Sawdust can be added to humus or compost, but not much.

Tip: do not take very small sawdust for mulch — they are caked into lumps, and a crust forms on the surface of the soil.

It is not recommended to mulch and insulate the flowerbeds with straw — this will attract all the hungry mice in the area, they will eat the shelter, and then the plants themselves.

Shelter plants for the winter

In addition to mulch, herbaceous perennials may need more serious shelter. Fallen leaves are well insulated, but only those trees that do not suffer from similar diseases and are not spoiled by the same pests as garden crops. But just in case, still spray the collected foliage with urea. And if you have stocked up on foliage, prepare firewood, reeds, fir branches, etc., which will not allow the wind to blow away the deciduous shelter.
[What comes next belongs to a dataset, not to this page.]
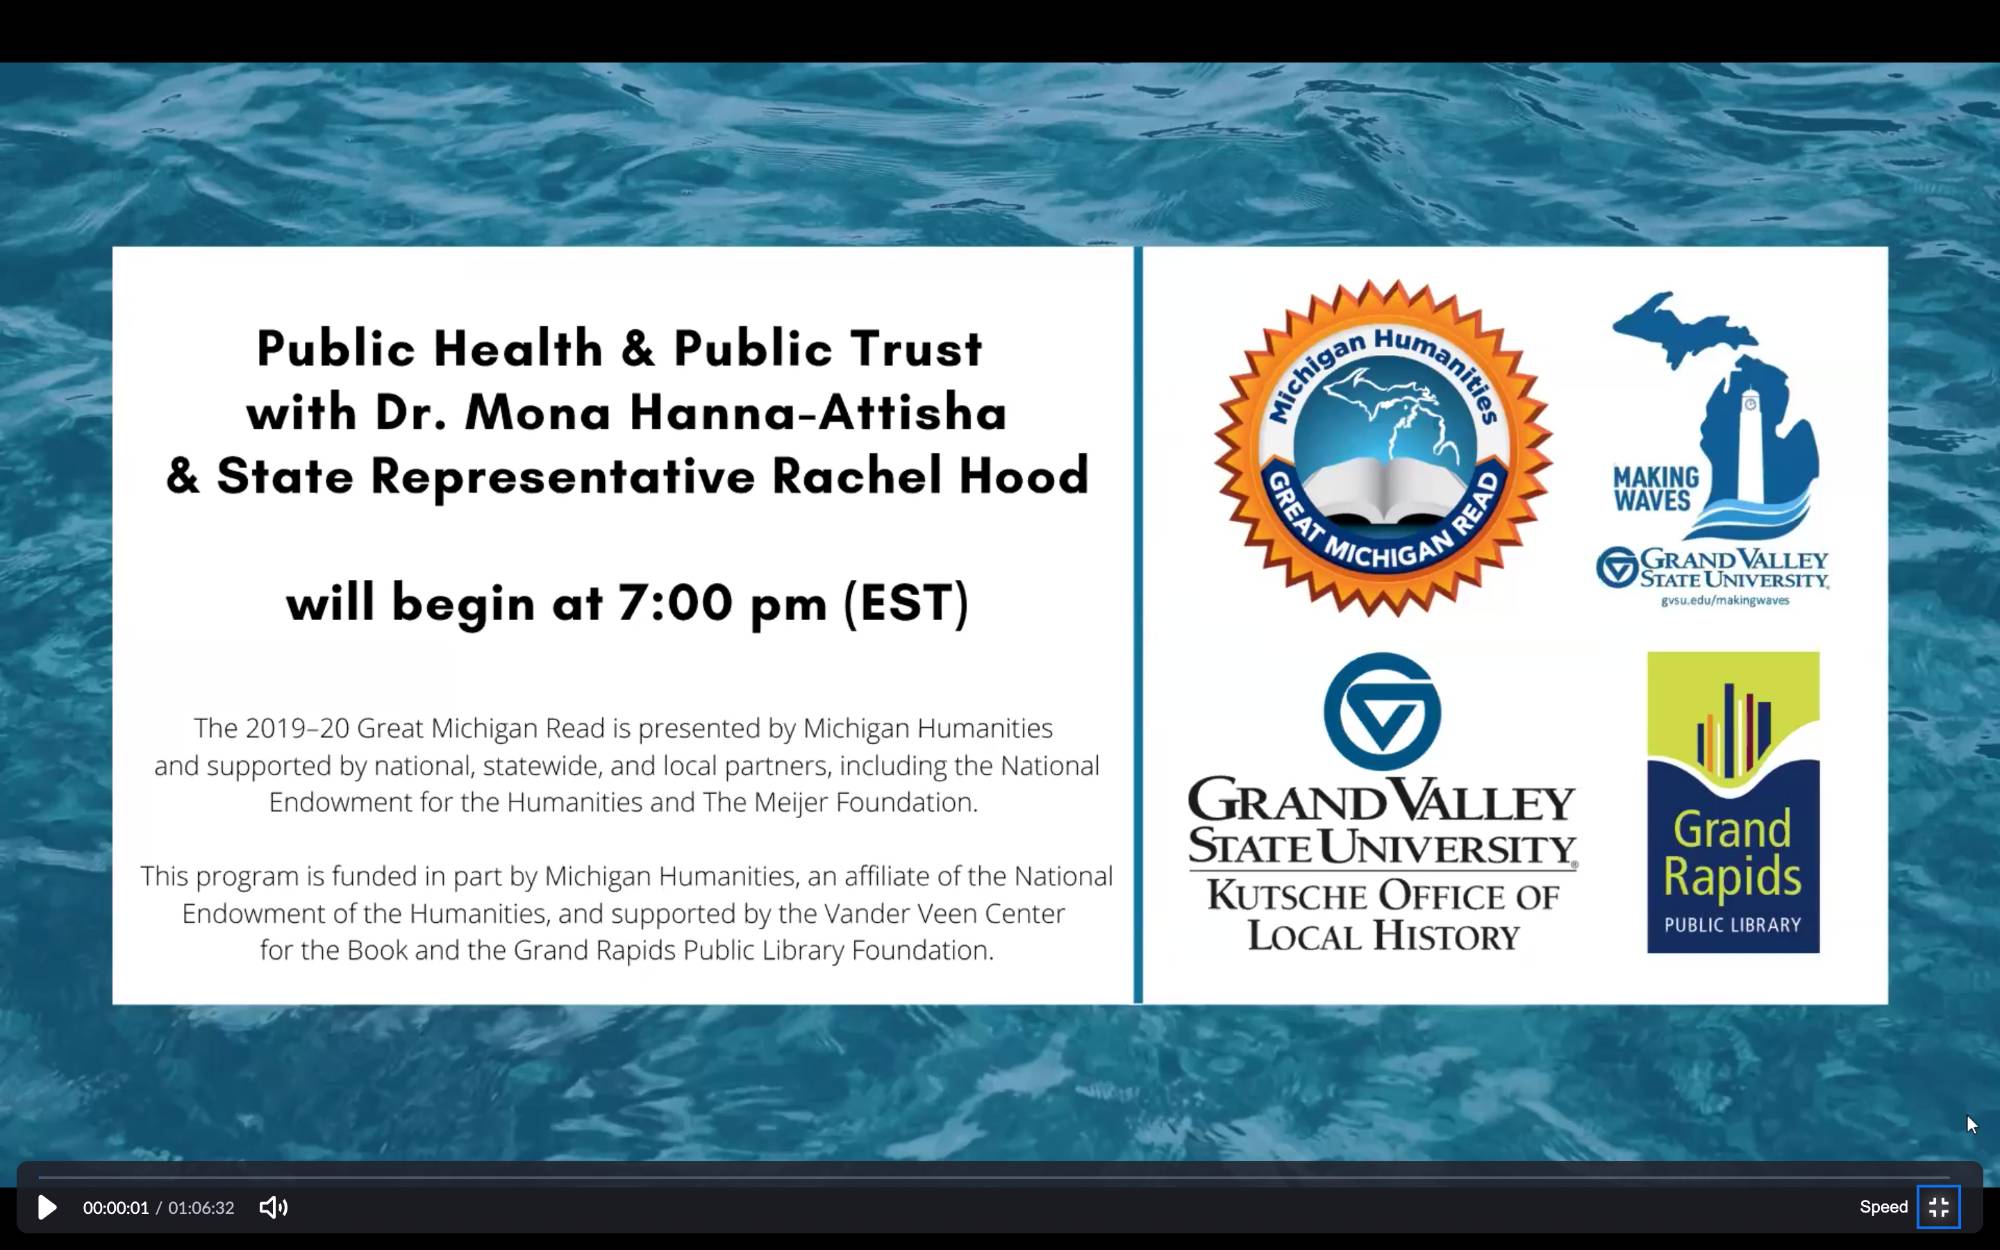 Public Health & Public Trust
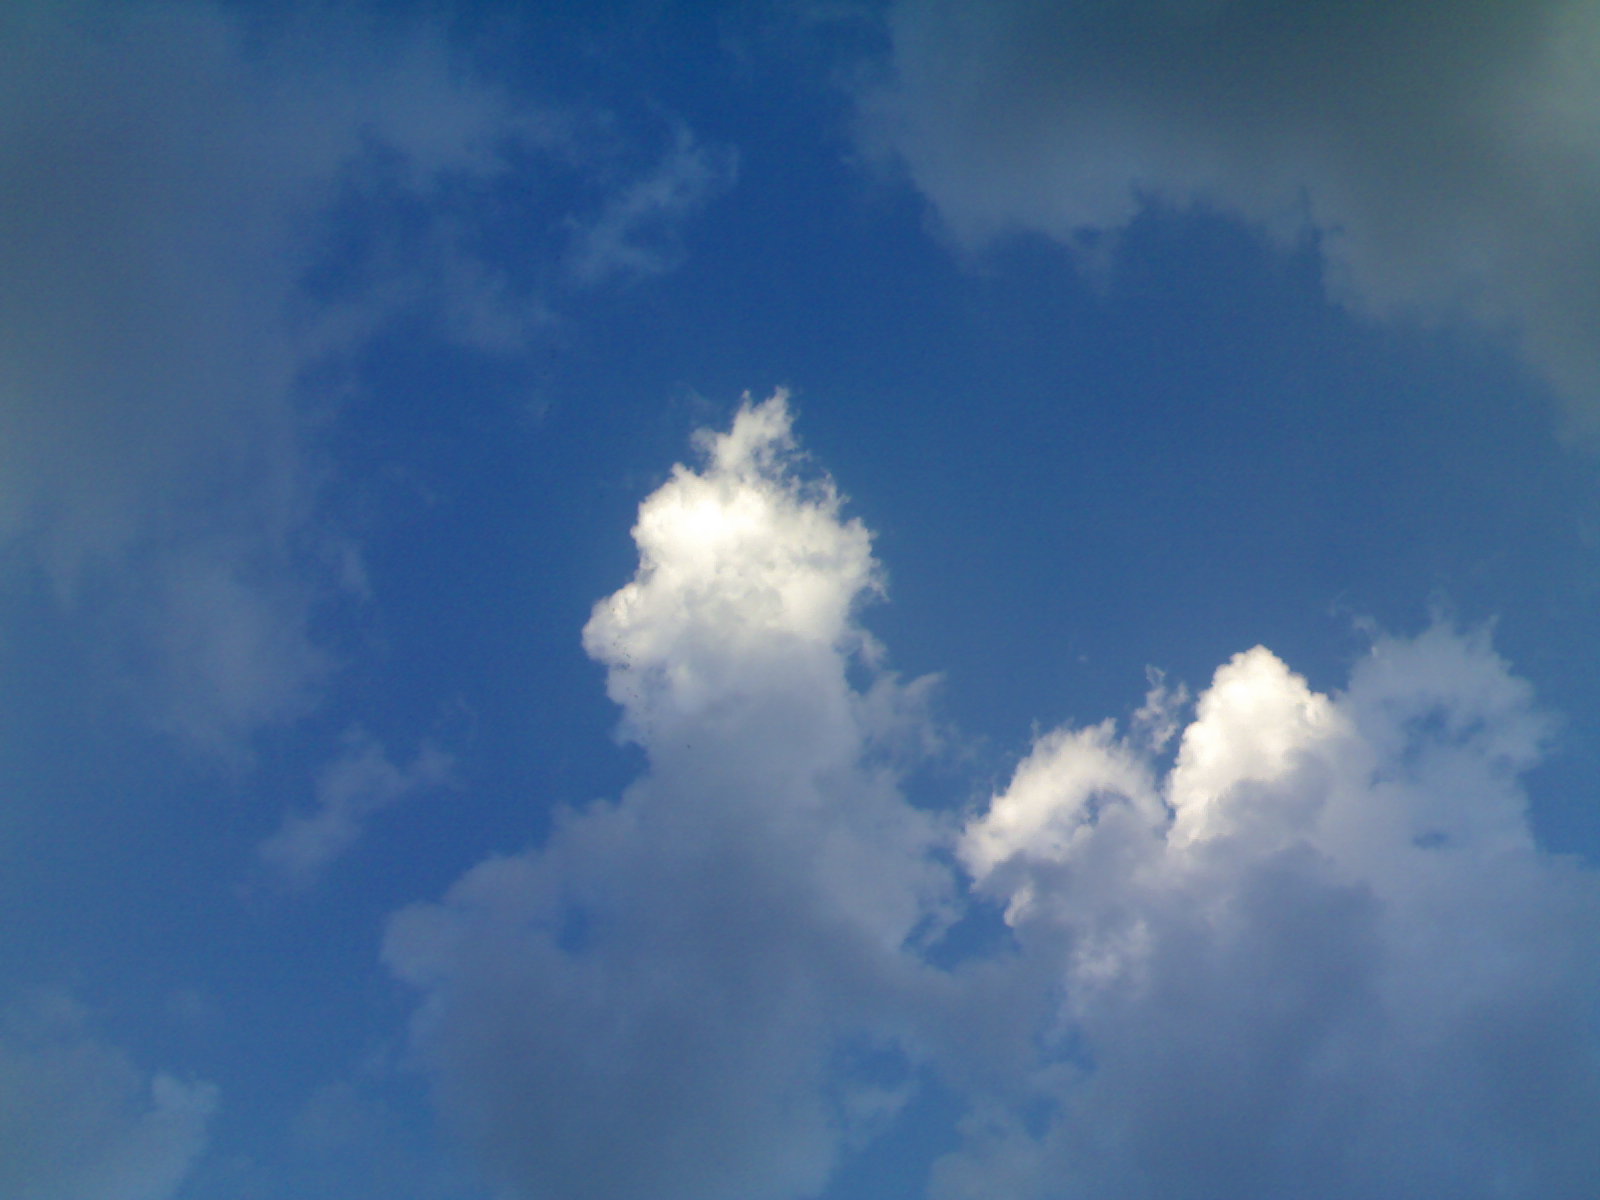 GOD SHIVA APPEARING IN SKY IN 2008 - 2012

But it is impossible to lay on top of leaves or plants directly in mulch and insulation — waterproof tape, roofing, roofing material — because these materials do not pass not only moisture, but also air. They are good for building air-dry shelters. To do this, they must be placed on a frame of boards or rebar, raised above the plants. Such “houses” can be ventilated so that perennials do not start to rot.

Non-woven insulation materials, cardboard boxes, wooden boxes, burlap, thick paper — all this will be used to protect plants from the cold. But the best traditional shelter, of course, is spruce branches.

It's Time to Rest: Preparing Perennials for Winter

However, do not prepare it in advance – the branches will wither, the needles will fly around.